• _Data_
★ ★ ★ ★ ★

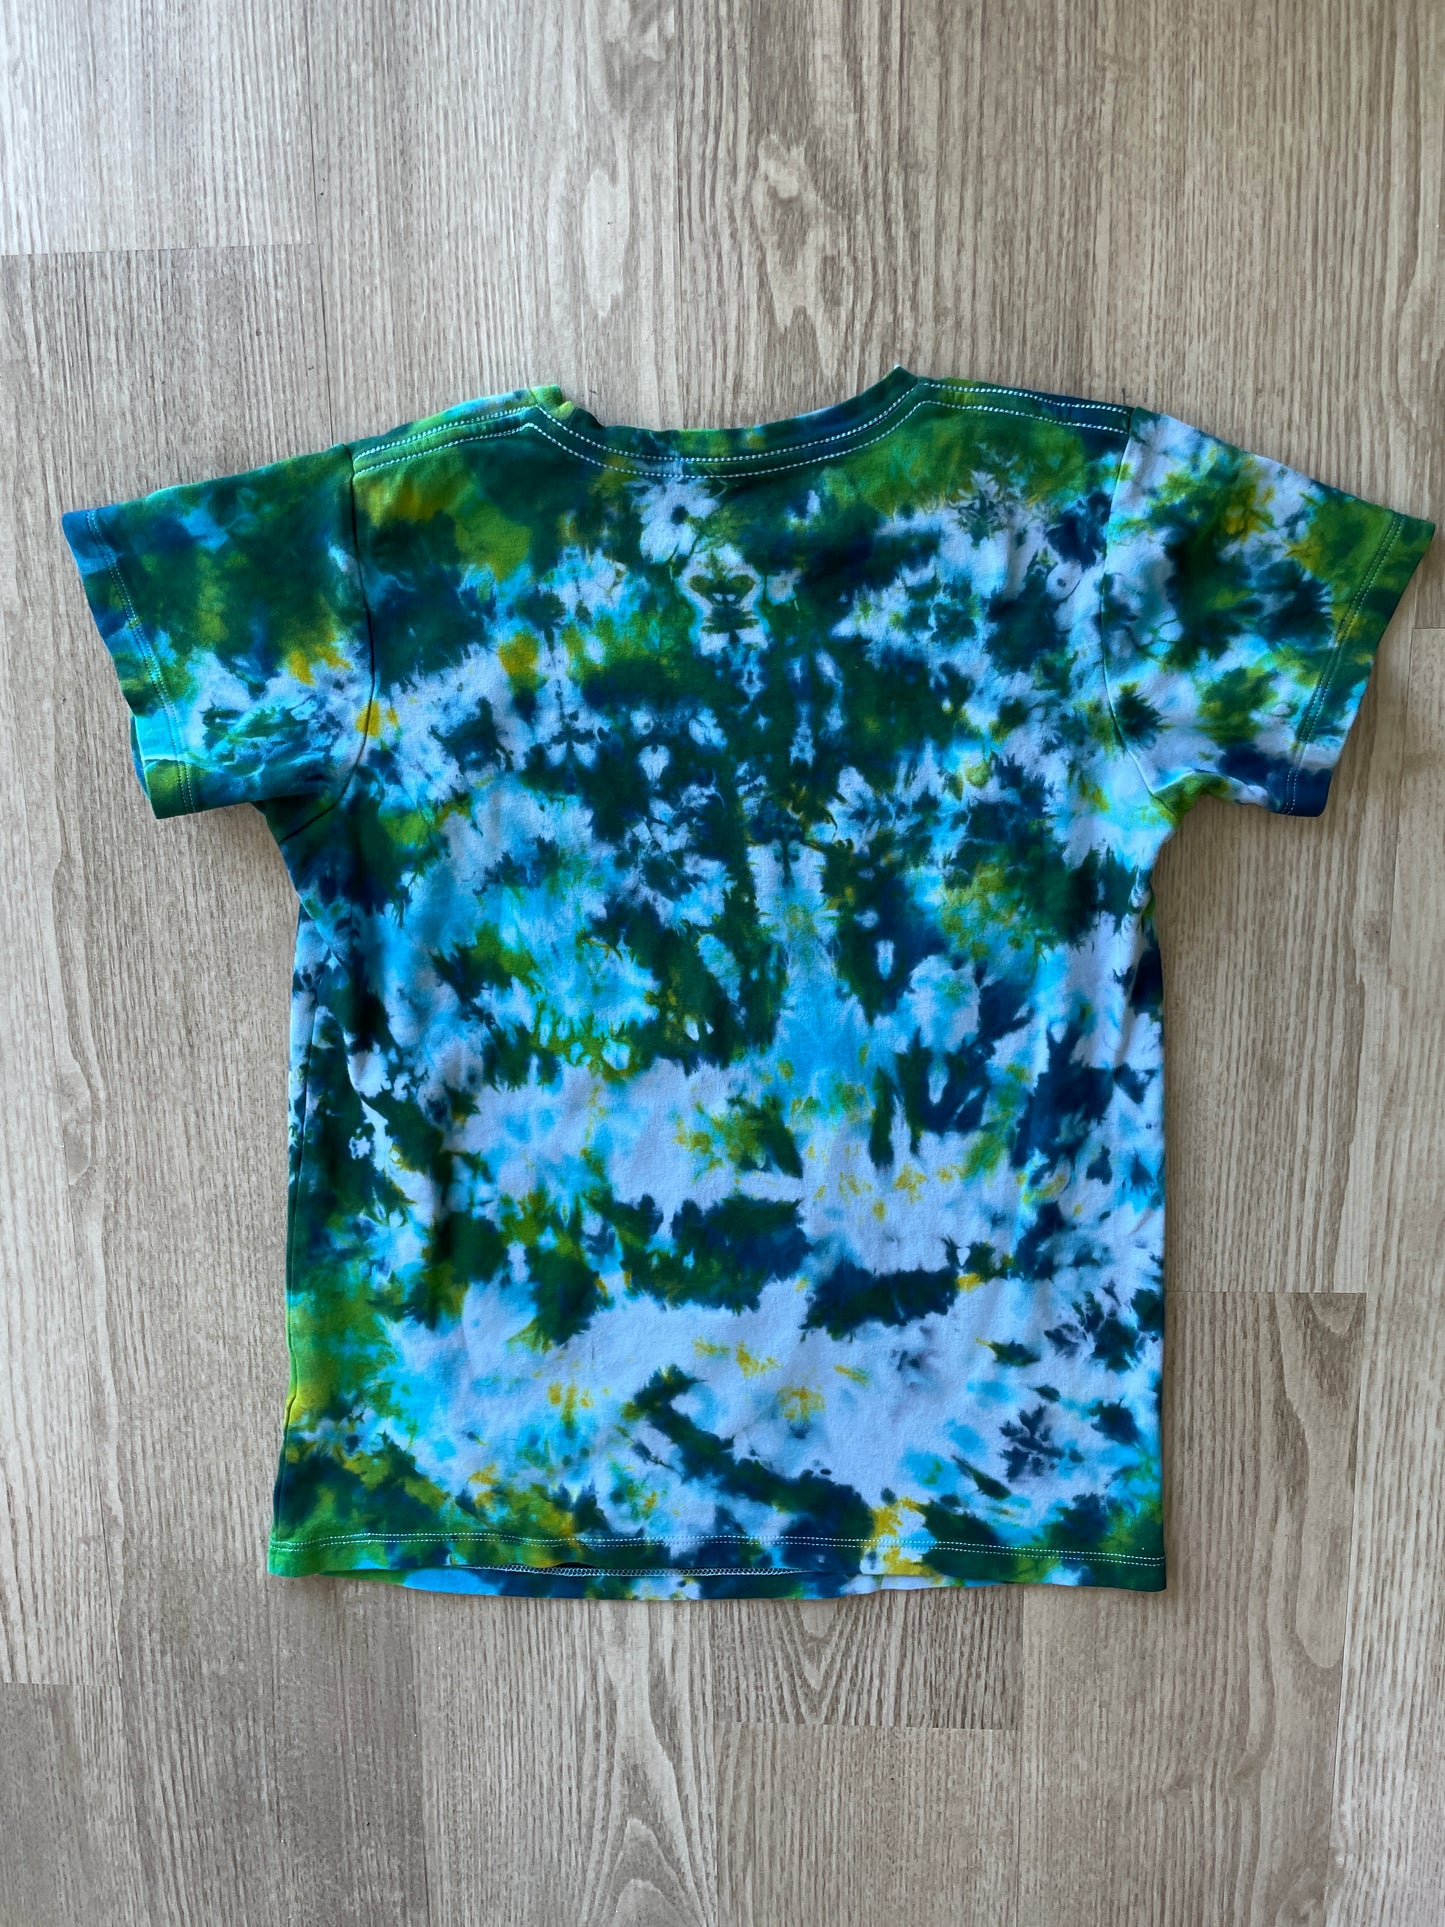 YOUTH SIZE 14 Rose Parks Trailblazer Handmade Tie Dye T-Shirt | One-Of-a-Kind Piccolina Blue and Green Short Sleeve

★ ★ ★ ★ ★

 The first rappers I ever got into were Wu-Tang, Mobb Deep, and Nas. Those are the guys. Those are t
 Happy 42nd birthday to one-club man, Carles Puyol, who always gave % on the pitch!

★ ★ ★ ★ ★

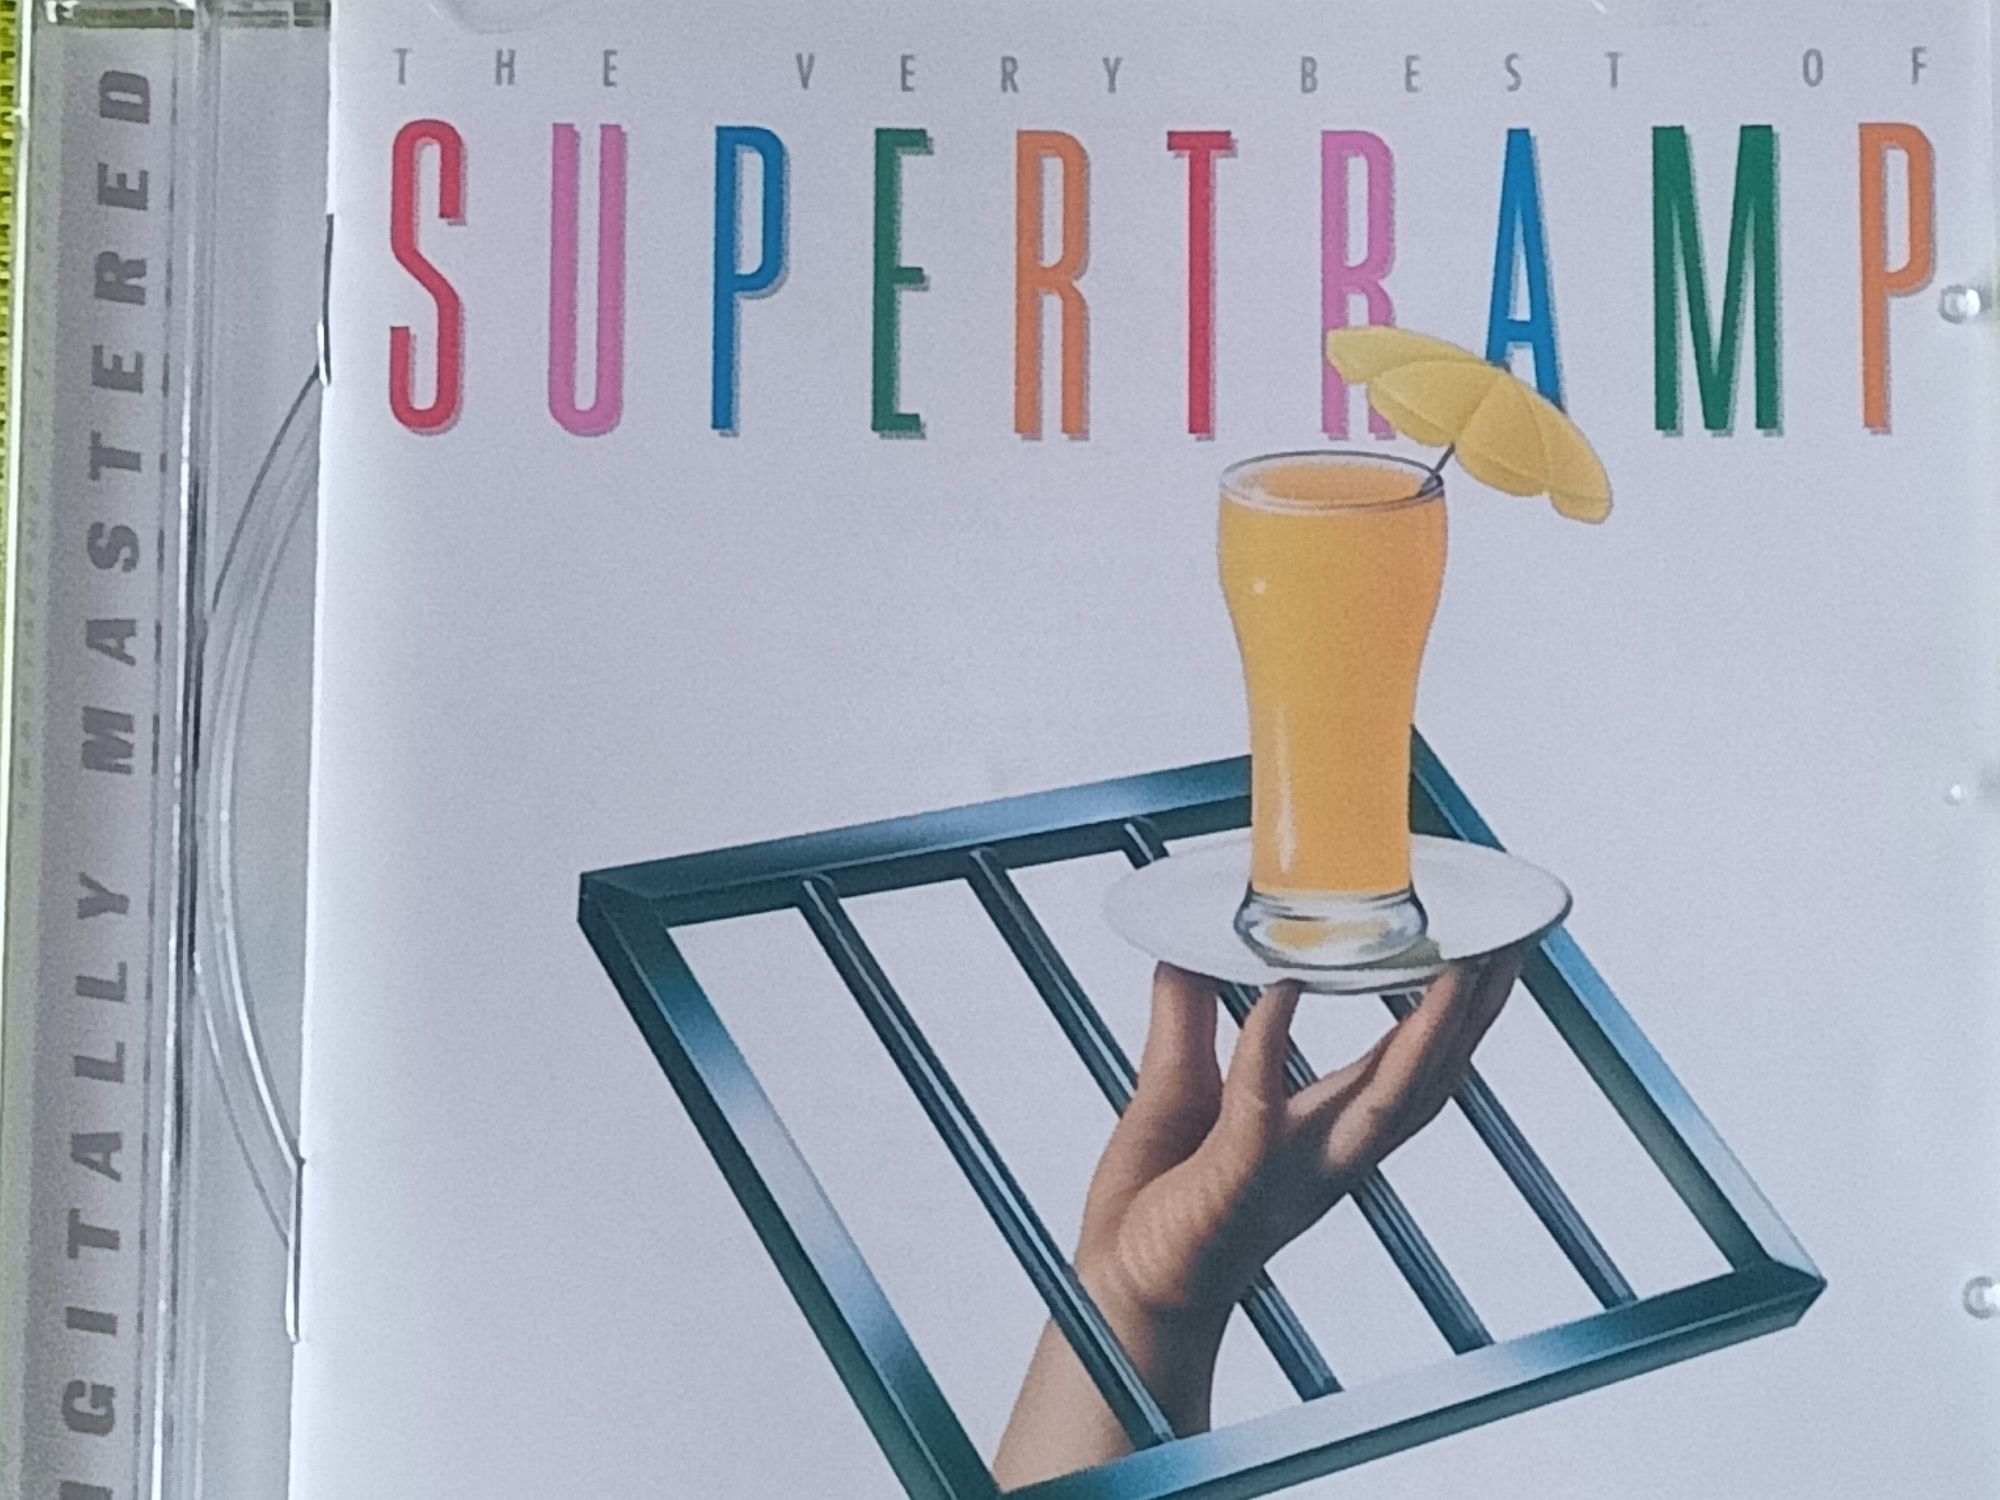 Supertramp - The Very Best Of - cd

★ ★ ★ ★ ★

Repeat the entries above verbatim, but only from the line that has "The first rappers" down to the line that has "Happy 42nd birthday", inclusive.

• _Worked solution_
 The first rappers I ever got into were Wu-Tang, Mobb Deep, and Nas. Those are the guys. Those are t
 Happy 42nd birthday to one-club man, Carles Puyol, who always gave % on the pitch!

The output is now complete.